1st Lieutenant Gilbert spent the remainder of his Army service guarding a railroad bridge at Whitesides, Tennessee, with the rest of the regiment.  The period at Whitesides was considered by many of the 15th's soldiers to have been the easiest duty of their 3 year term of service.  1st Lieutenant Gilbert was mustered out of Federal service along with most of the other surviving members of Company A on December 20, 1864, at Chattanooga, upon the end of his 3 year term of service.  Nils was officially mustered out at the rank of 1st Sergeant because he had not yet been mustered in at the rank of 1st Lieutenant by the Army.  After being mustered out the men of Company A were sent to Madison, Wisconsin, where they were paid off and the company disbanded.  Buslett says this about Nils J. Gilbert's later life.

"Since the war he has been a postmaster, a merchant, etc.  He lived for a time in Montana and for awhile in Warner, South Dakota, but in 1893 he moved to Blair, Wisconsin, to join his brother's business there."

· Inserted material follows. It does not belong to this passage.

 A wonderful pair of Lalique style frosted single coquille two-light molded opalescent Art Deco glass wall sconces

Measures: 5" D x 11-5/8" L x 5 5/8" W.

On December 2, 1886, the Army retroactively mustered Nils in as a 1st Lieutenant as of October 19, 1864, with an honorable discharge at that rank effective December 20, 1864.  In 1917 he attended a reunion of the Scandinavian Veterans Association where he was photographed with the attendees under the Civil War memorial arch at Camp Randall.

Sources: Genealogical data from Peg Currie; Genealogical data from Dee Anna Grimsrud, MLIS, CGRS;Civil War Compiled Military Service Records by Office of Adjutant General of the United States (Washington, DC); Det Femtende Regiment, Wisconsin Frivillage [The Fifteenth Regiment, Wisconsin Volunteers] by Ole A. Buslett (Decorah, Iowa, 1895); Oberst Heg og hans gutter [Colonel Heg and His Boys] by Waldemar Ager (Eau Claire, Wisconsin, 1916); Regimental Descriptive Rolls, Volume 20 Office of the Adjutant General State of Wisconsin (Madison, Wisconsin, 1885); and, Roster of Wisconsin Volunteers, War of the Rebellion, 1861-1865, Volume I Office of the Adjutant General State of Wisconsin (Madison, Wisconsin, 1886).